Because it’s on their support page I’m sure Sealy is aware of the problem and has their engineers working on a potential solution, but as a brand new user I was so put off by the stench I actually spent the first night sleeping on our couch downstairs due to persistent headaches and discomfort.
Two Weeks Sleeping on a Sealy Cocoon Mattress
Thankfully after the smell was gone for good, it was all smooth sailing from there on out.
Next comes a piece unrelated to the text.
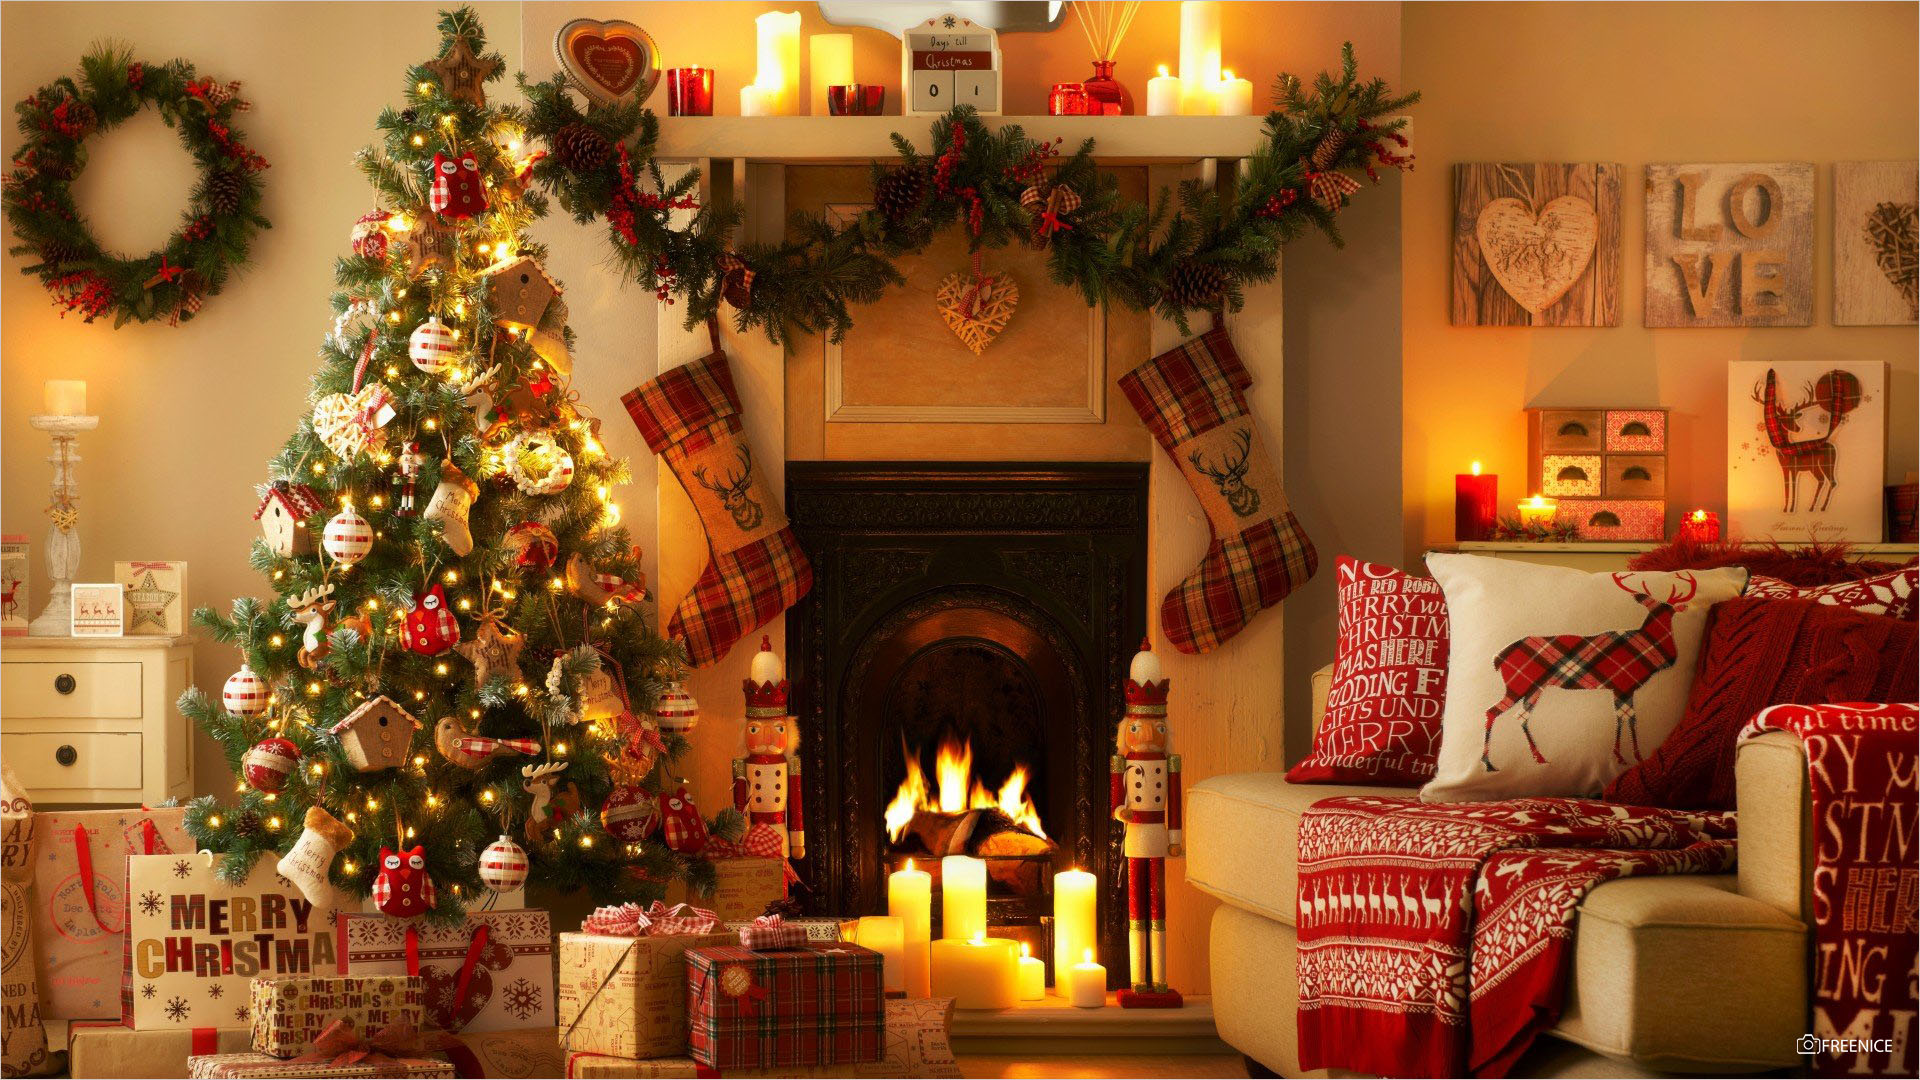 Hình nền giáng sinh cực đẹp sẽ khiến cho mọi người phải trầm trồ khi bước vào phòng của bạn. Những hình ảnh rực rỡ và sáng tạo sẽ đem lại cho bạn một mùa giáng sinh đáng nhớ.

For most of my life I believed that having a soft bed would automatically be better for your back, i.e.- less resistance equals less stress on your muscles. After doing some research though, I found that the jury is still out on whether soft is better than firm or vice versa, which is why I opted to go for the firm choice instead. The bed it replaced was about as soft as they come, not only due to years of wear and tear, but also the 3″ thick foam layer I had lining the top for that added “sinking” sensation.
While the first few nights on the firm Cocoon took some getting used to as far as how I positioned myself (side or stomach), it wasn’t long before I noticed a real difference in how I felt both getting in bed after a long day, and the way my body was responding after waking up from a full night’s rest.
Whether it’s the fault of my old bed or the 20-year battle with keeping my posture straight while sitting in a computer chair, in the past few years I’ve developed several lower back problems which no amount of massages, physical therapy, or ibuprofen have been able to alleviate. After two weeks (and a few more days as of writing this review) on the Cocoon, I can say with confidence that while the pain in my lower back isn’t completely gone, it has been healed to the point where it’s more of a minor annoyance than the debilitating problem it was just last month.
It’s hard to guess if this is the result of switching to a much firmer style of mattress or it’s the Cocoon’s magic alone. Either way, however, the Cocoon has enabled me to sleep comfortably without shifting during the night, and sit in a chair without constantly feeling pressure on part of my spine. For that much alone, I’m sold as a lifetime devotee.
With fresh contenders like Novobed, Casper and Eve all doing whatever they can to snatch up a portion of the bed-in-a-box market in a hurry, it’s nice to see industry stalwarts like Sealy answering with a bed that we know will be comfortable no matter what, because we already know the company it’s coming from.
Given the amount of time and money I’ve put into trying to solve my back problems, I’m astounded that the Cocoon has accomplished so much in so little time. It’s not clear at this point whether I just needed a firmer bed or Sealy has worked some kind of healing magic into the Cocoon specifically, but either way this mattress is doing its job and then some.
I sleep longer, toss less, and feel looser when I wake up. Despite the problems I had with the initial smell, after it went away I quickly warmed up to the Cocoon and all it had to offer my aging and aching joints. I’m looking forward to the next few months with the Cocoon to see if my back heals up for good, and I’ll be posting periodic updates on this review with details on my long-term experience.
So far though: the Cocoon is easily one of the best mattresses I’ve ever slept on, bar none.